Organ transplantation is an effective form of treatment for end stage heart, liver and kidney failure. The expertise for the transplantation of other organs like the lung, pancreas and even the face are being continuously developed.

A summary of the different types of transplantation in the next few paragraphs provide a background to the discussion about xenotransplantation.

Autograft

This involves the taking of part of the patient’s own tissue from one part of the body to replace damaged tissue in another part, for example, skin grafts in burn victims.

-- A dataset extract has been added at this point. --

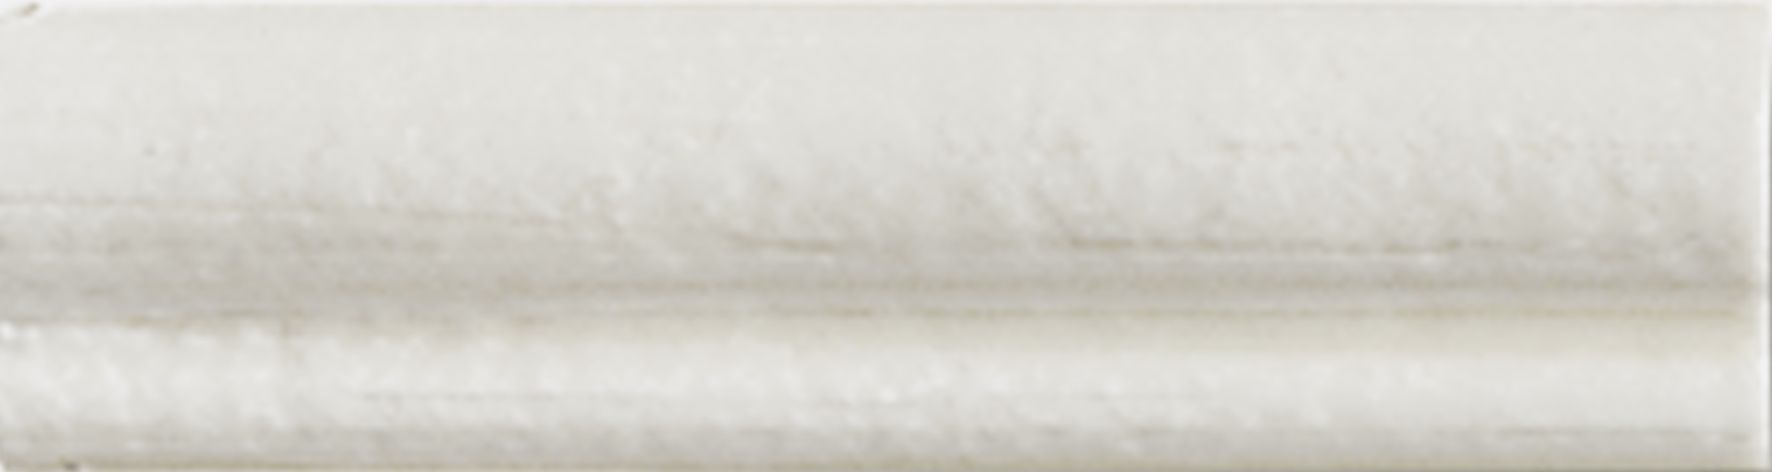 Porte Moldura Chic Neutro 4x15 - Hansas Plaadimaailm

In this procedure, skin is commonly taken from the thigh to replace skin elsewhere. The advantage of autografts is that, as it has the same genetic make-up of the recipient, there is no likelihood of the body rejecting it. However, the scope of autografts is very limited, as internal organs cannot be transplanted.

Cadaveric transplantation

This involves the transplantation of organs like the cornea, kidney, liver, heart and lungs from a just deceased person, who is often young and whose organs are in good functional order.

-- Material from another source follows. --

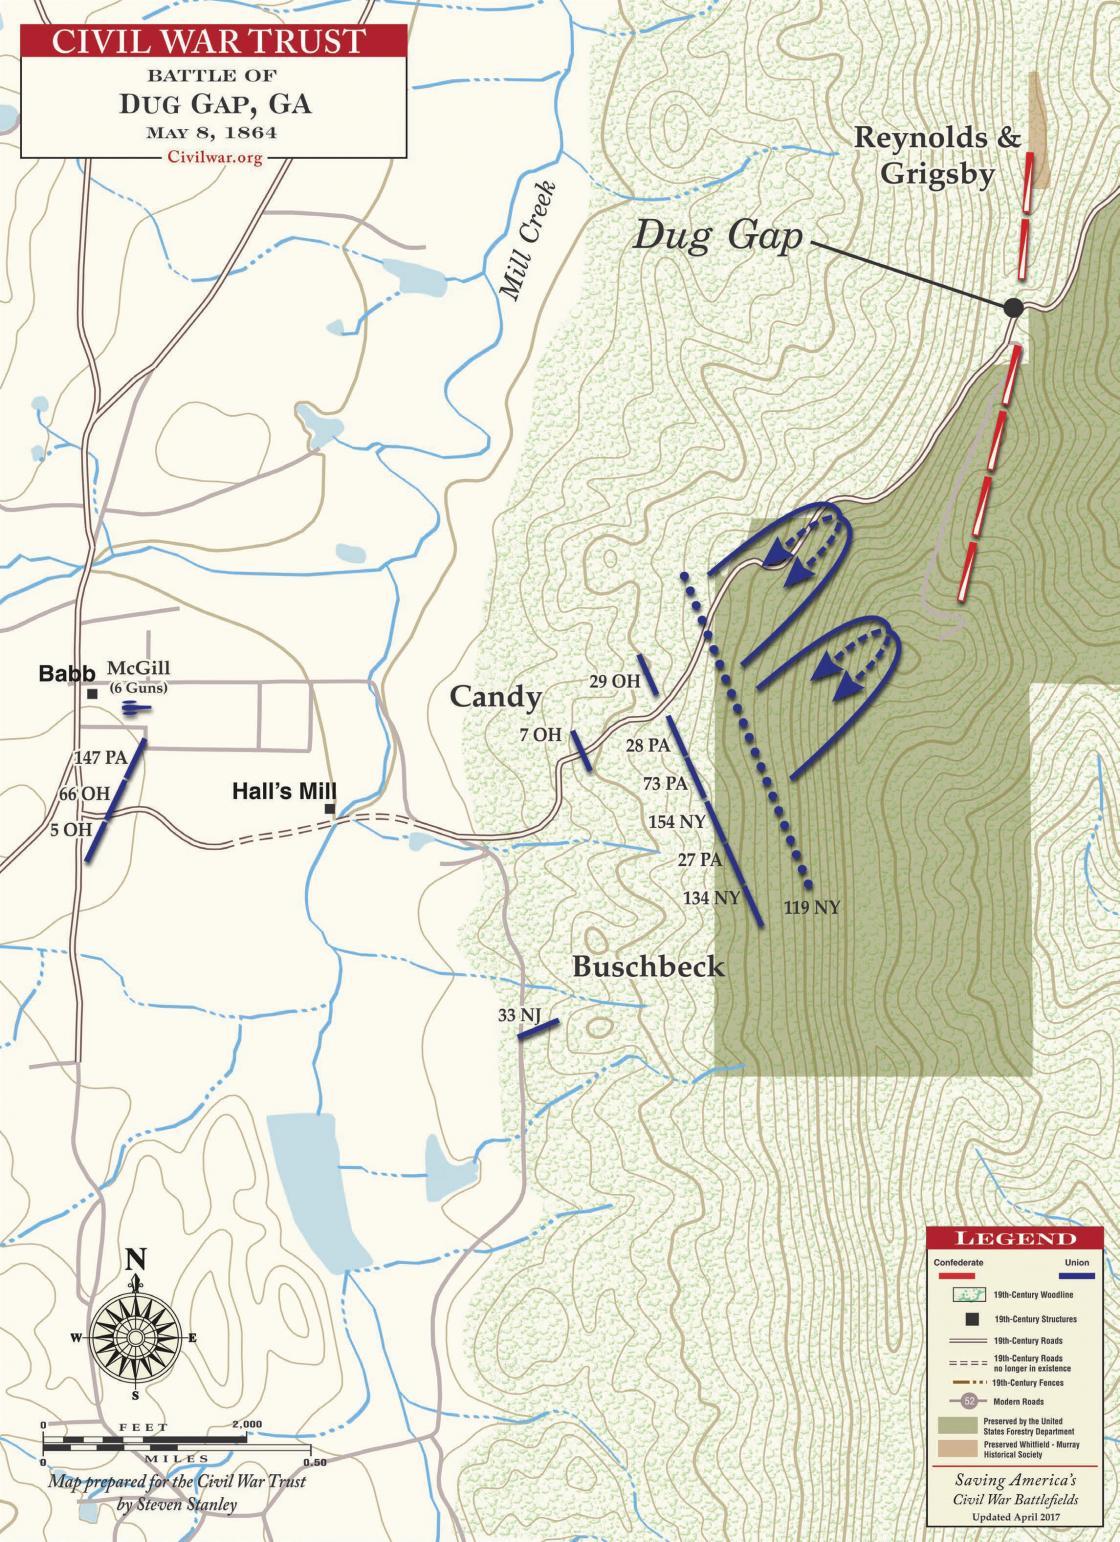 Battle of Dug Gap - May 8, 1864

As the organ originates from a donor with a genetic make-up different from the recipient, the latter has to take medicines to prevent rejection. These medicines have side-effects and have to be taken for the rest of the recipient’s life.

In most instances, rapid decisions, both surgical and ethical ones, have to be made. The major problem is that there is a huge gap between supply and demand. The number of donors is but a small fraction of requirements.

Living donor transplantation

This involves transplantation from a living donor to a recipient. The donor may be related or unrelated to the recipient. The best donor is from an identical twin; the next best is from a blood sibling followed by a parent or another blood relative.

The reason is that the similarity in the genetic make-up between the donor and recipient should be as close one can get. This leads to a reduced likelihood of rejection and prolonged life of the recipient.

Unless the donor is an identical twin, the recipient has to take medicines to prevent rejection.

Living donors have donated bone marrow, kidneys and lobes of the liver and lungs.

The donor may have to go on the waiting list for an organ transplant if his or her remaining kidney fails.

The more crucial problems are that of coercion of the potential donor and commercialisation of donation.

Stem cell transplantation

This involves the transplantation of stem cells which are “master cells” that have the ability to become any tissue at all.

There are different types of stem cells i.e. embryonic and adult stem cells, induced pluripotent stem cells, embryonic germ cells and amniotic fluid stem cells. Most stem cell transplantations have involved those suffering from childhood leukaemia and neuroblastoma. There are ethical and rejection issues involved in stem cell transplantation.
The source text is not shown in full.